Figure 36 is the schematic representation substantially that has shown the structure among the Figure 31 of the piston in the combustion stroke process.

Figure 37 has been for having shown before exhaust stroke, and piston is in the schematic representation substantially of the structure among Figure 31 of bottom dead center position.

Figure 38 is the schematic representation substantially that has shown structure among the Figure 31 of the piston in the exhaust stroke process.

Describe in detail

The example of having showed the nonexcludability of motor among Fig. 1, described motor comprise the mechanism that is used at reciprocating linear motion and changes between rotatablely moving according to of the present disclosure.Motor comprises body 10, and this body 10 comprises cylinder block 12, exchange body 16 and lower body 104.Motor further comprises cylinder barrel (bore), cylinder head 22, air inlet system 24, ignition mechanism 28, venting gas appliance 26, piston 30, waveform raceway 70 (top) and waveform raceway 74 (bottom), exchanger unit 60, rotation loader 50, driving gear and driven

gear

82 and 88, output shaft 90, lubricating fitting 112 and various work bearing and the block bearing 52,56 and 100 that is defined by cylinder 20.

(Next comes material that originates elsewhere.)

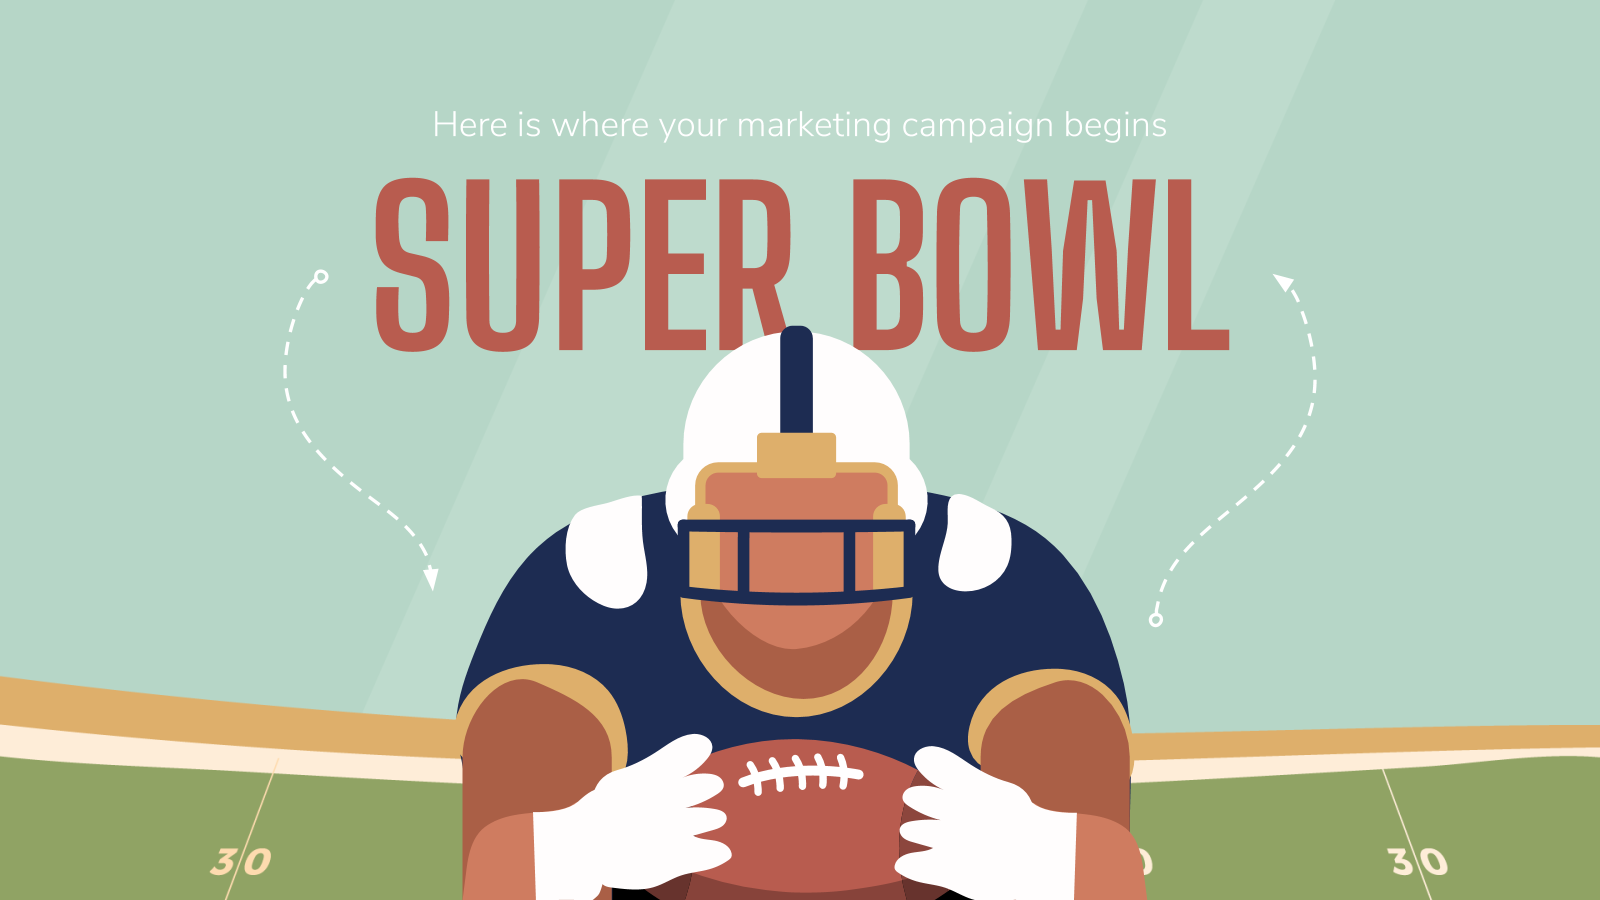 Super Bowl Marketing Campaign presentation template

In the mode of execution of the nonexcludability of being showed, swivel assembly as shown in figure 27 mainly is made up of three main members of working together, as Fig. 4, Fig. 5 and exchanger unit 60 shown in Figure 7, it has track roller 62, and this track roller 62 rolls between two the

waveform raceways

70 and 74 for the part of as shown in figure 23 hard-wired pillar cell.The waveform raceway can be described to define the waveform track.The 3rd member is rotation carrier cell 50, it is installed on

bearing

52 and 56, top bearing 52 is installed on the supporting member 54 simultaneously, it has also increased the stability of loader, as shown in figure 11, wherein exchanger 60 is rotating carrier cell 50 inner scroll-up/down to keep exchanger 60 to be in the center by the centering roller 66 that rolls, so that keep the correct orientation of track roller 62 on

raceway

70 and 74 on loader track 50c shown in Figure 13,14 and 15 and track 50d.Loader 50 also will transmit roller 64 by rolling at loader track 50a shown in Figure 11,14 and 15 and the energy on the 50b from switched the rotatablely moving of exchanger 60, via as Fig. 1,11,13,27 and Figure 31 to 38 shown in

gear

82 and 88, send output shaft (bent axle) 90 to.With reference to Figure 31 to Figure 38, the motor of showing has experienced four circulations of Otto cycle engine or Diesel cycle engine, from start to finish, start from piston 30, prepare beginning air inlet circulation, continue through compression cycle, burn cycle then and end at exhaust cycle.In Figure 31 to Figure 38, it has showed the motion of track roller 62, they are along inclined-

plane

74a, 74b, 74c, 74d and inclined-

plane

70a, 70b, 70c, the 70c scroll-up/down (traverse up and down) of

waveform raceway

74 and 70, also shown in Figure 18,19,20 and 21.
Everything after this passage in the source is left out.